To determine which tense will be used follow these simple steps:

1) Has the Time Period finished? If yes- Simple Past, else- Present Perfect.

2) Is the information old? If yes- Simple Past, else- Present Perfect.

3) Is the action time specific? If yes- Simple Past (If it falls under definite past), else- Present Perfect.

4) Has the action finished? If yes- Simple Past, else- Present Perfect. (Most important)

This rule is mostly applied to see which tense is the most appropriate. If the result of the action still persists in the present, it is present perfect, otherwise it's Simple Past.

Example-

I have lived in California for five years. (Still living)
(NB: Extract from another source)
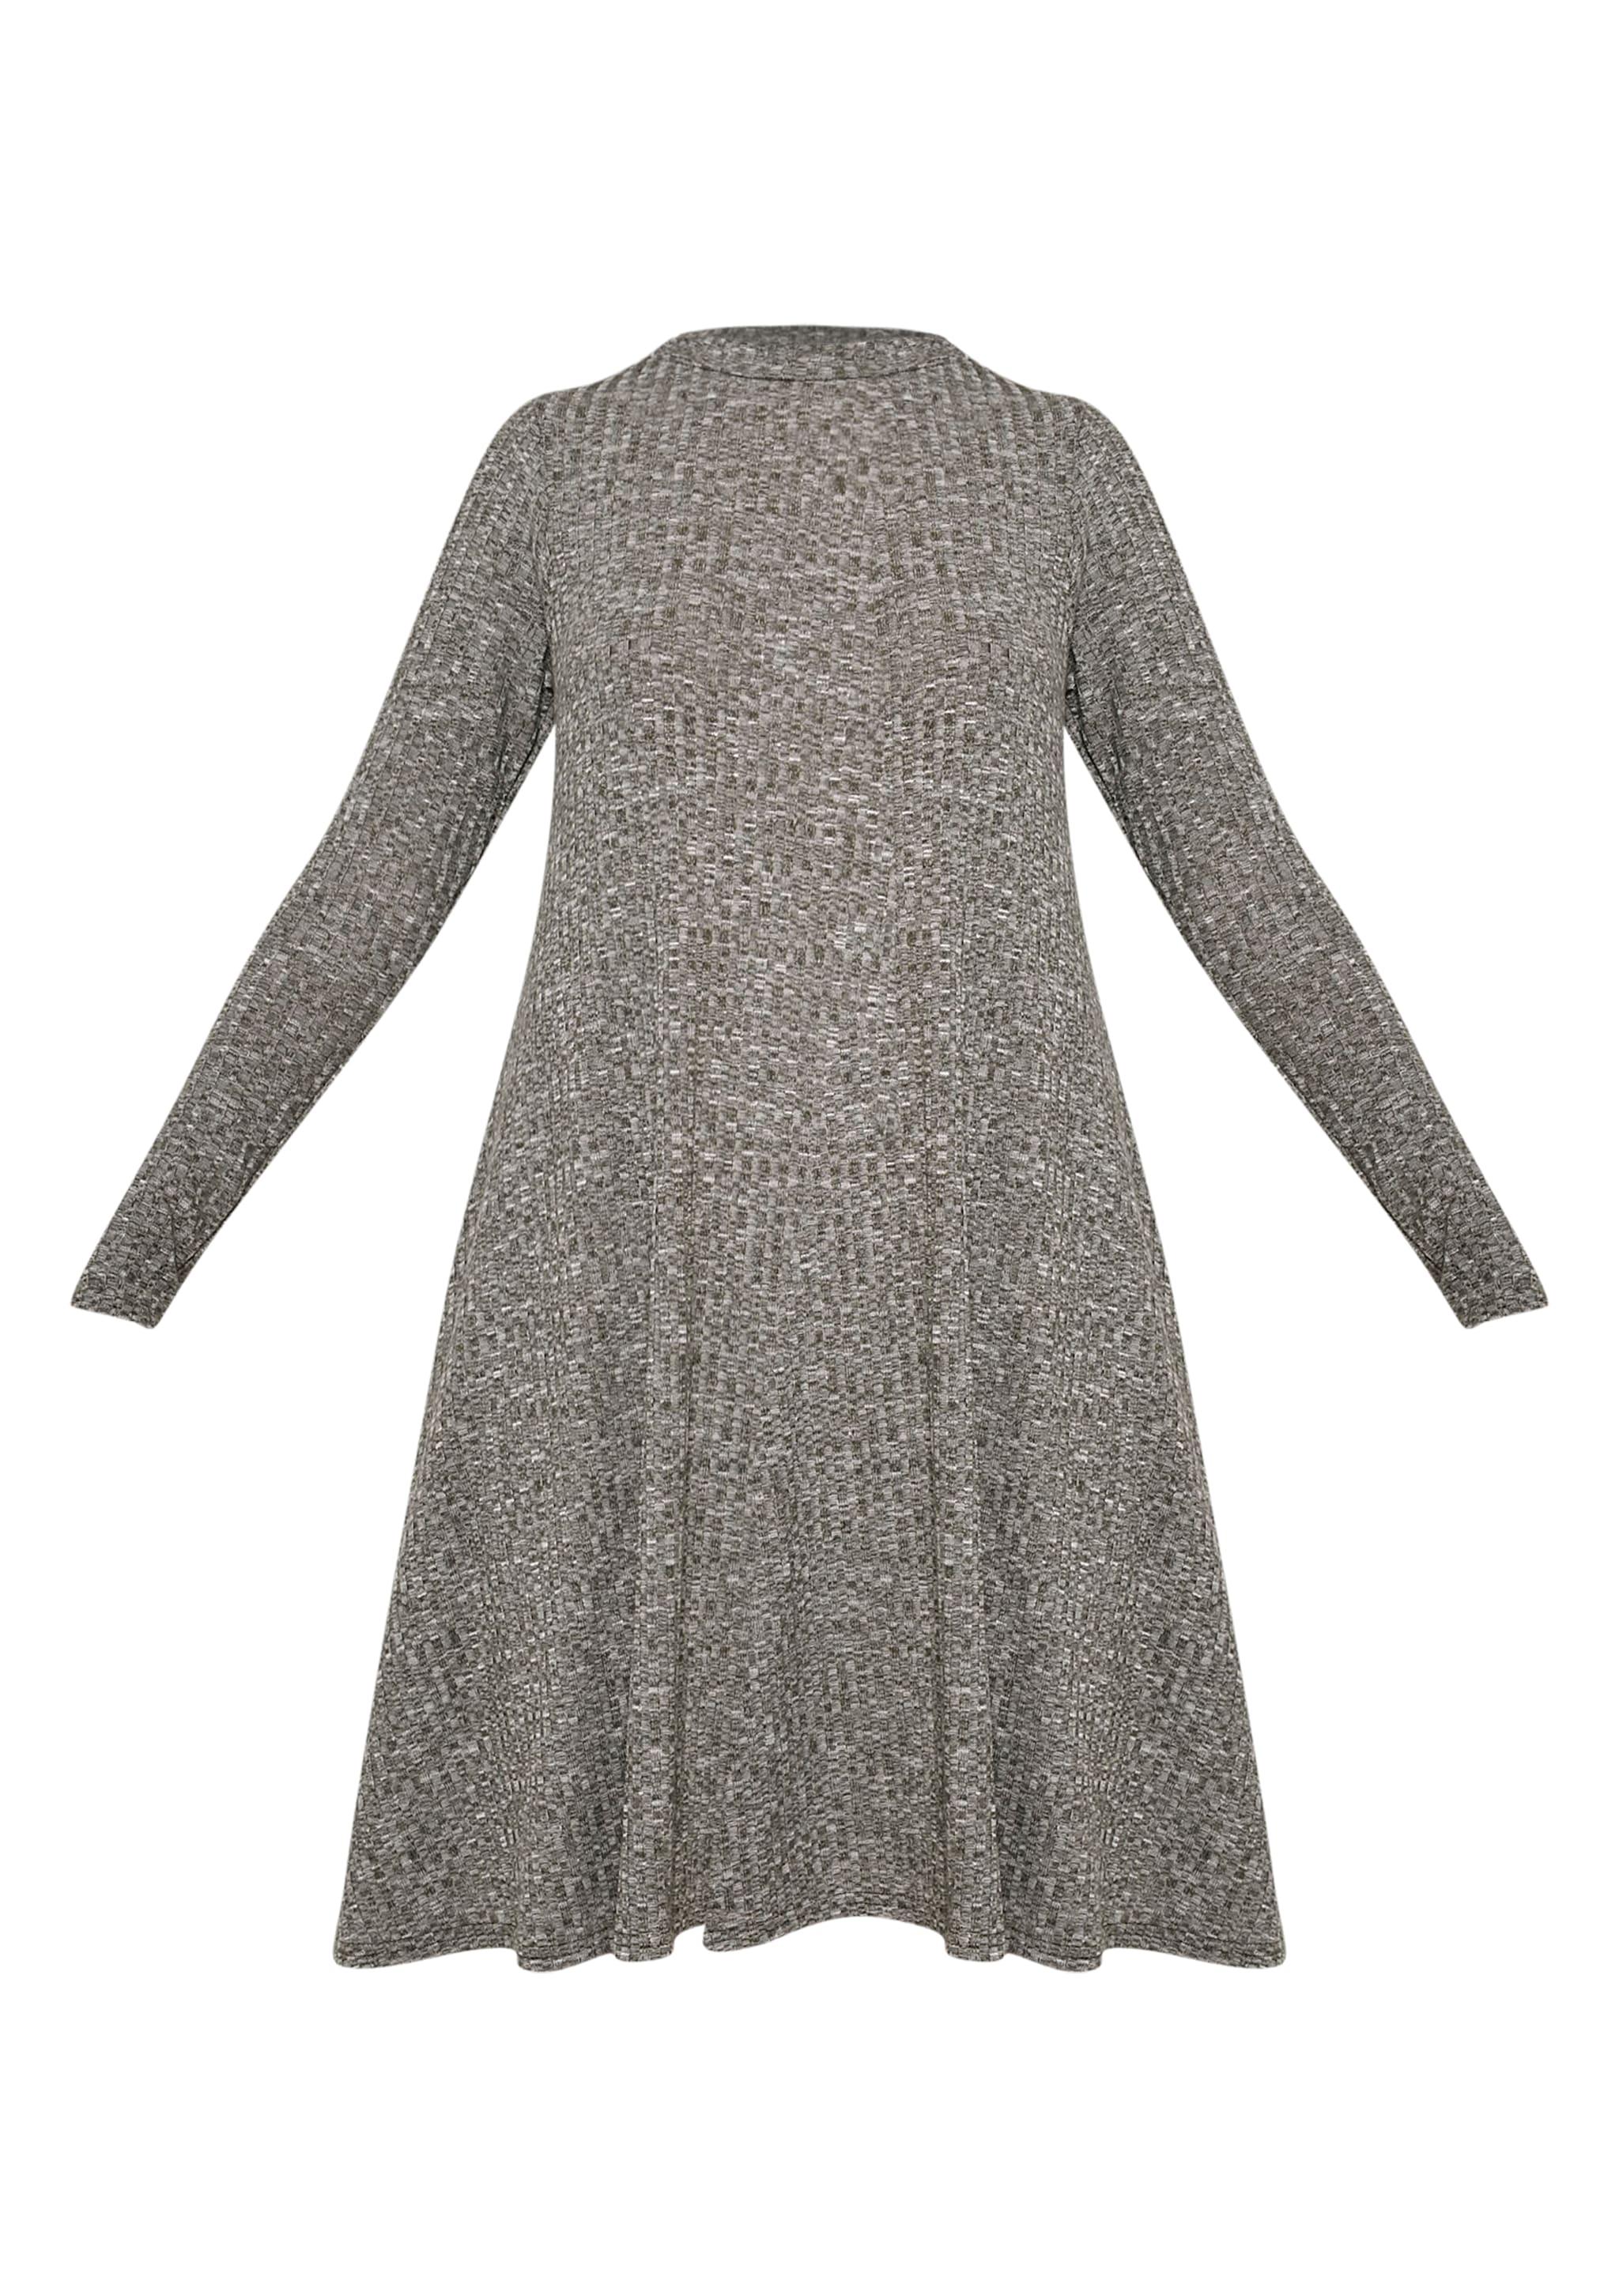 Renae Khaki High Neck Swing Dress 3

I lived in California for five years. (Don't live now)

In your cited example, from the context, it seems that the time period of Kitty's work hasn't finished yet and in the coming time, she is not going to work more for her fatigue and the ailment of the work has been added to her body making her exhausted when the speaker is speaking to her. So the actions (being fatigued) of her work still persists. So the most appropriate tense would be Present Perfect. Hence, your "Have you worked" would be the correct tense here.

Also note that, an additional "in the" before the week is required to make the time continuous as suggested by StoneyB. A mere "last week" means the week has gone past and the continuity of Kitty's work is not properly reflected. But if we add "in the" in front of week, it becomes continuous. So the proper way to put the sentence would be:

Shoe: Kitty, how many hours a day have you worked in the last week and when do you think you'll be exhausted?

To read more, visit Simple Past vs Present Perfect or ELC study Zone.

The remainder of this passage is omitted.